Automotive Electronics

Quantifying the Negative Impact of Charging EVs in Cold Temperatures

When it comes to convenience, reliability and performance, electric vehicles are fast approaching vehicles powered with conventional fuels. As a result, EVs are expected to make up a growing proportion of cars on U.S. highways during the next 20 years.

Much of this anticipated growth is due to recent advances in battery and charging technologies. Some cars with modern lithium-ion batteries can now drive between 230 and 330 miles on a single charge. Add next-generation charging technologies, and the so-called “range anxiety” that gives consumers pause when considering an EV purchase could soon disappear.

However, a new study on charging in cold temperatures suggests that industry and EV drivers still face charging challenges. The reason: cold temperatures impact the electrochemical reactions within the cell, and onboard battery management systems limit the charging rate to avoid damage to the battery.

The study was published online in July by Energy Policy journal. In it, researchers at Idaho National Laboratory looked at data from a fleet of EV taxis in New York City and found that charging times increased as temperatures dropped. The study will appear in a future issue of the journal Energy Policy.

The predicted state of charge of a battery after 30-minute charge on median-temperature day across the United States. The map assumes that the battery starts at 20 percent capacity and is charged with a 50-kW Direct Current Fast Charge (DCFC) system.

“Battery researchers have known about the degradation of charging efficiency under cold temperatures for a long time,” said Yutaka Motoaki, an EV researcher with INL’s Advanced Vehicles research group.

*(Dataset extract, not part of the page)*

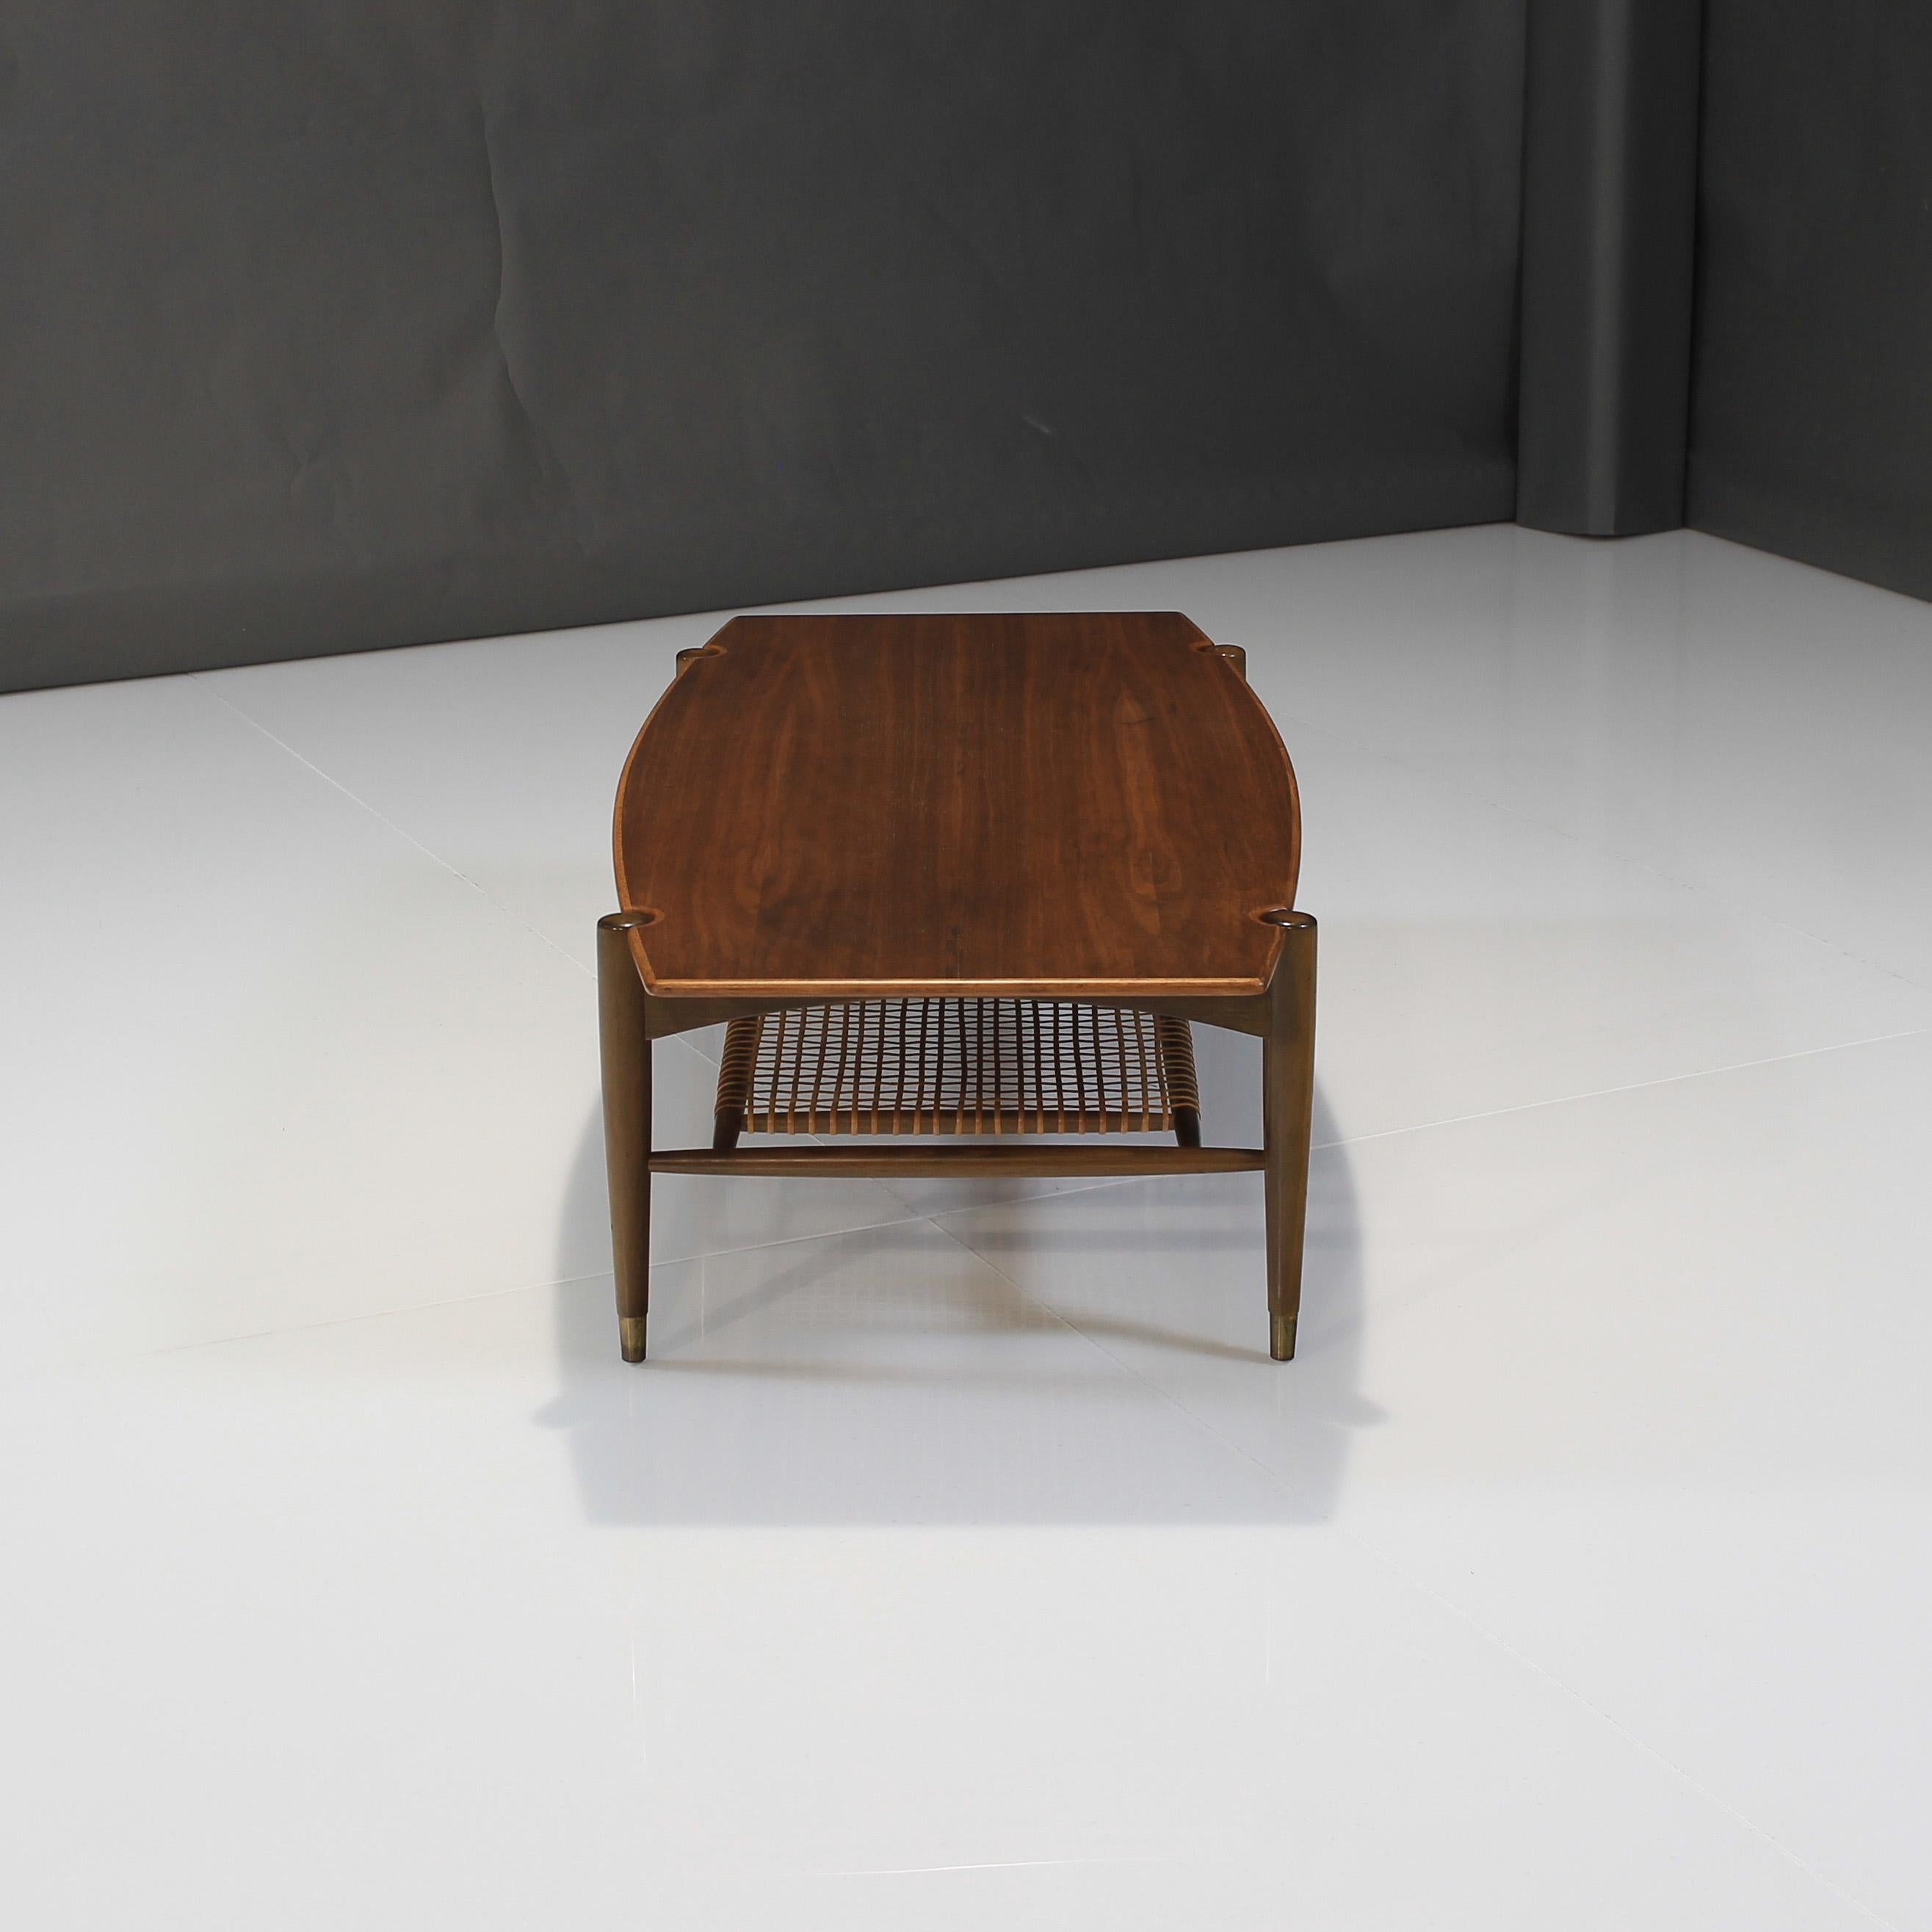 Oiled Mid-20th Century Teak and Cane Coffee Table by Folke Ohlsson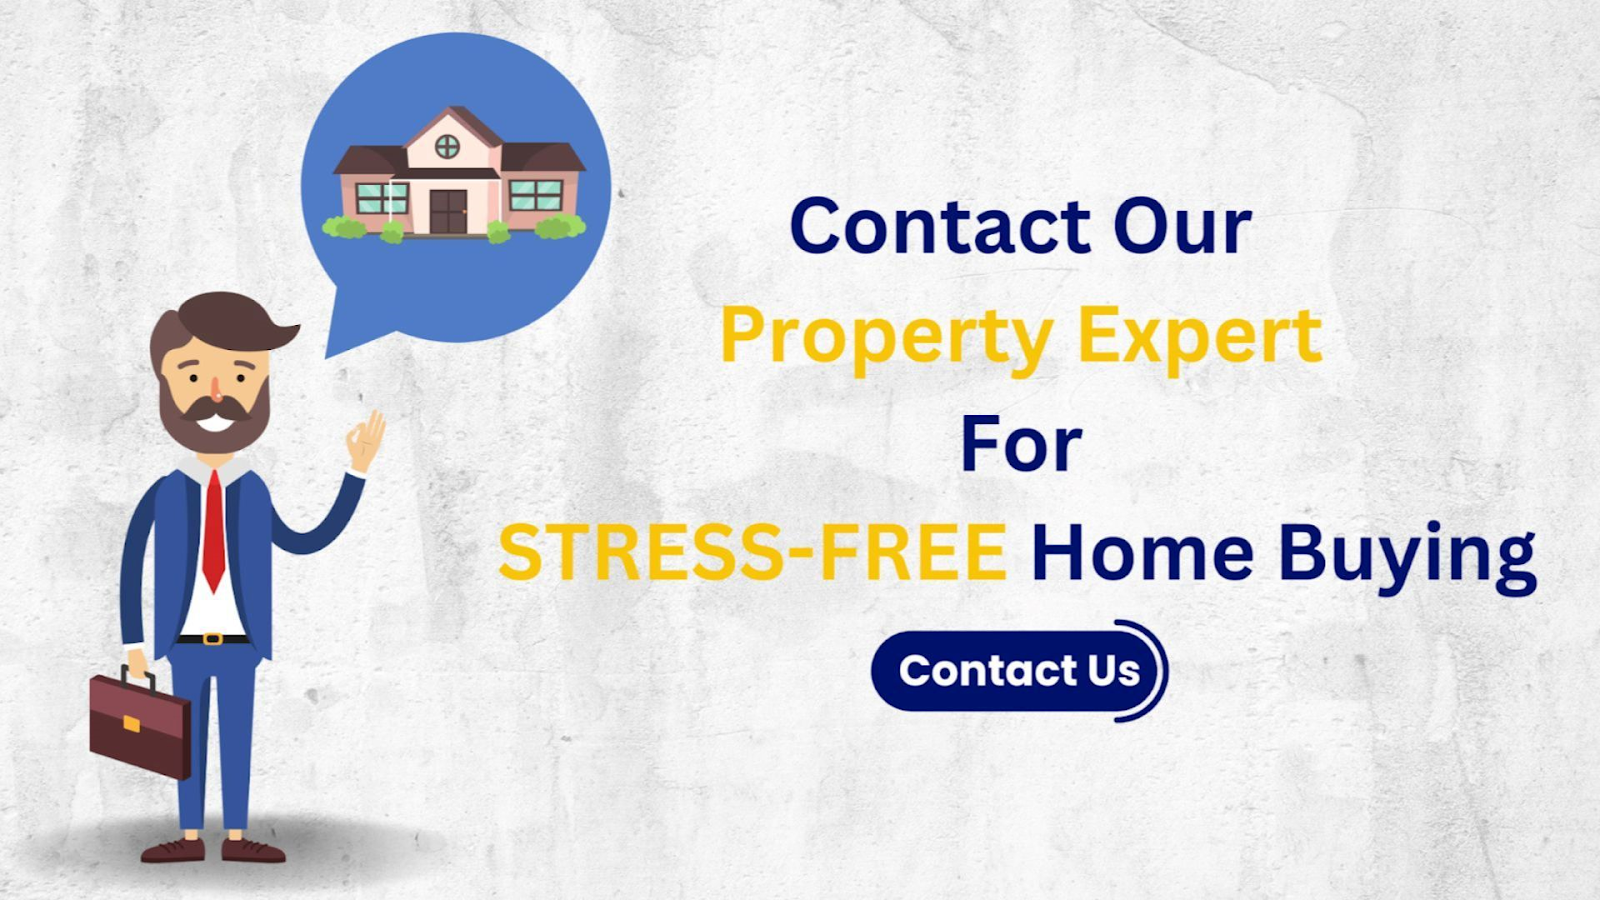 Contact a real estate expert at PropertyCloud for hassle-free home buying with expert advice.

But most of the current knowledge comes from experiments with smaller batteries in the lab, not data from large, electric vehicle batteries in real-world conditions. Further, EV manufacturers often provide consumers with only rough estimates of charging times, and they typically do not specify the range of conditions for which those estimates apply.

“We wanted to ask the question: What is the temperature effect on that battery pack?” Motoaki said. “What is the effect of degradation of charging efficiency on vehicle performance?”

Motoaki and his colleagues analyzed data from a fleet of Nissan Leafs operated as taxis over roughly 500 Direct Current Fast Charge (DCFC) events. Temperatures for the charging events ranged from 15 to 103 degrees Fahrenheit.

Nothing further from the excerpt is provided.